Results. Using the model in Sect. 2 we select a data plane model with \(m=20\) non-sharing data channels, such as in 3G UMTS Rel. 99, modelled as M/M/m/m Markov chain [35]. The rest of the parameters are selected as follows: \(\lambda _0^n=1, p_0^n=0.9, p_0^a=0.1, p_{b0}^n=0.9, p_{b0}^a=0.3\), \(\lambda _e=0.05, t_0=2\,\text {s}\) (static), \(t_0^{max}=60\,\text {s}, t_0^{min}=2\,\text {s}, \lambda _s^{max}=5\,\text {calls/s} \theta =3\,\text {calls/s}\).

Fig. 5.
figure 5

Signalling server load for static and dynamic inactivity timer.

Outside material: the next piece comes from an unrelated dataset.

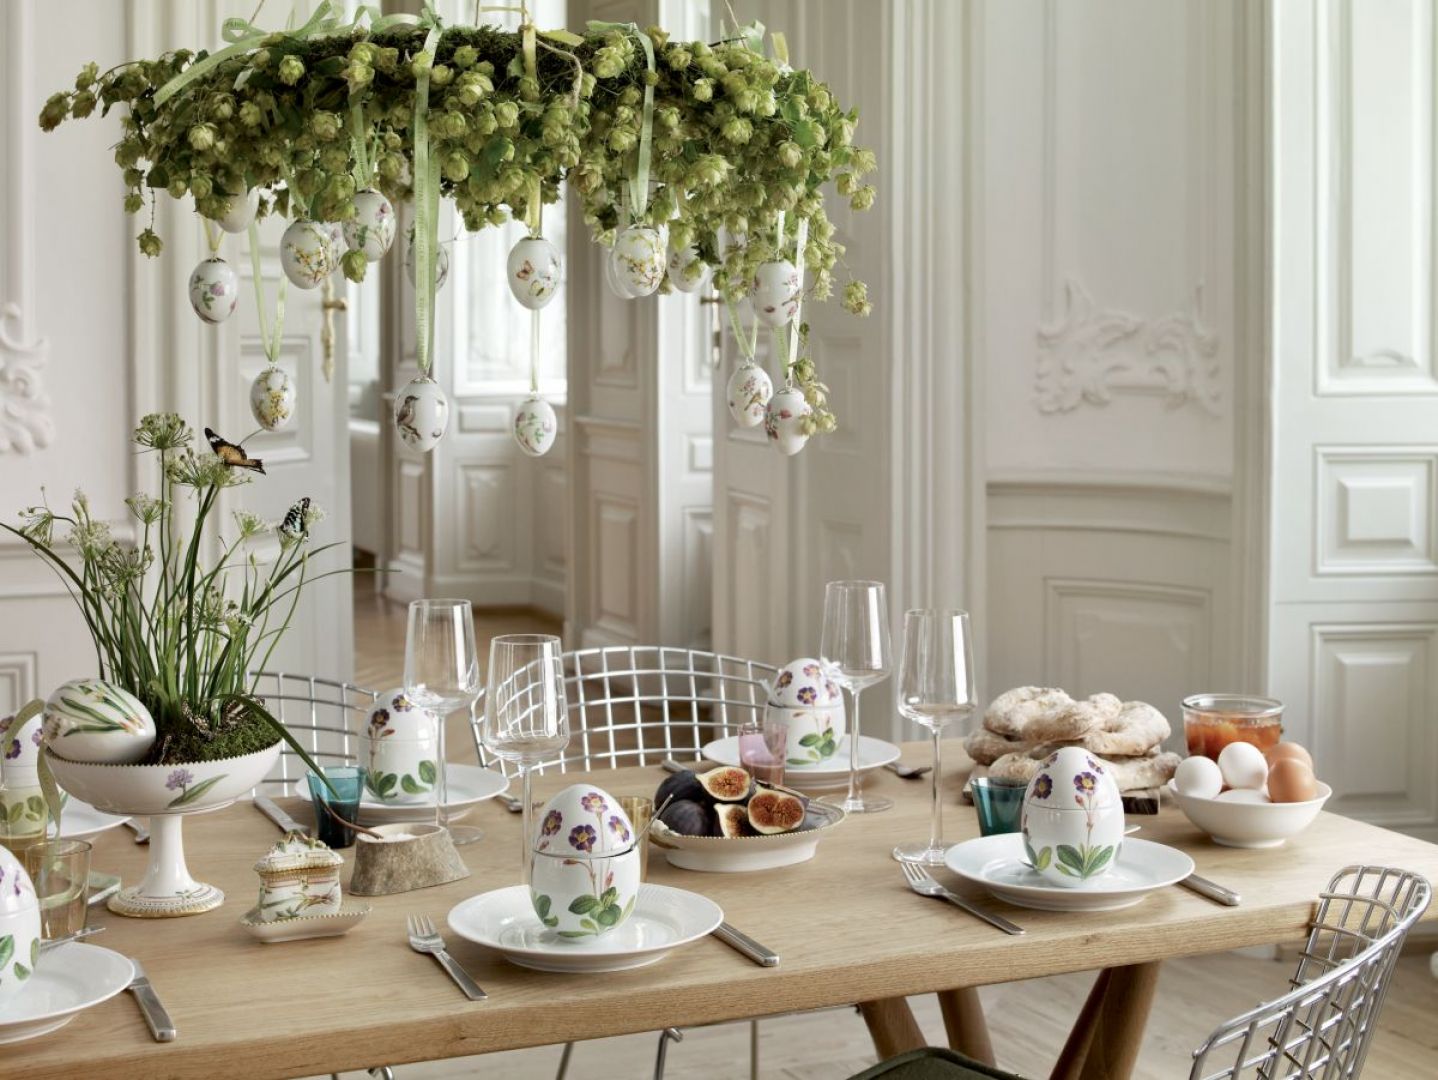 Piękne porcelanowe jaja oraz zawieszki w kształcie jaj stanowią główną dekorację tego wielkanocnego stołu. Fot. Royal Copenhagen.

Figure 5 shows the comparison of a static and dynamic inactivity timer for varying network load. The dynamic timer activates when the threshold load \(\theta \) is reached and manages to lower the resulting network load, compared to the static approach. Although the timer can play a control role, it cannot completely mitigate a signalling storm. One downside of using this approach is increasing the portion of normal calls that don’t get a service. Therefore, the timer controls the trade-off between the signalling load in the network and the number of unserviced normal calls.

4 Conclusions

This paper has briefly explained the ongoing research in the field of mobile networks security, looking at in particular, signalling related attacks. It introduced a generic mathematical model of the radio access part of a network, which can be used to model different mobile technologies, and different user patterns. The model was afterwards used to examine an attack mitigation technique using a modified inactivity timer. The two proposed attack detection mechanisms were implemented in a simulation environment and their evaluation showed satisfactory results of 95% true positive and 0.04% false positive detection. Recent work has used the Random Neural Network [13] for attack detection [2] and we expect that further results will become available with similar machine learning techniques.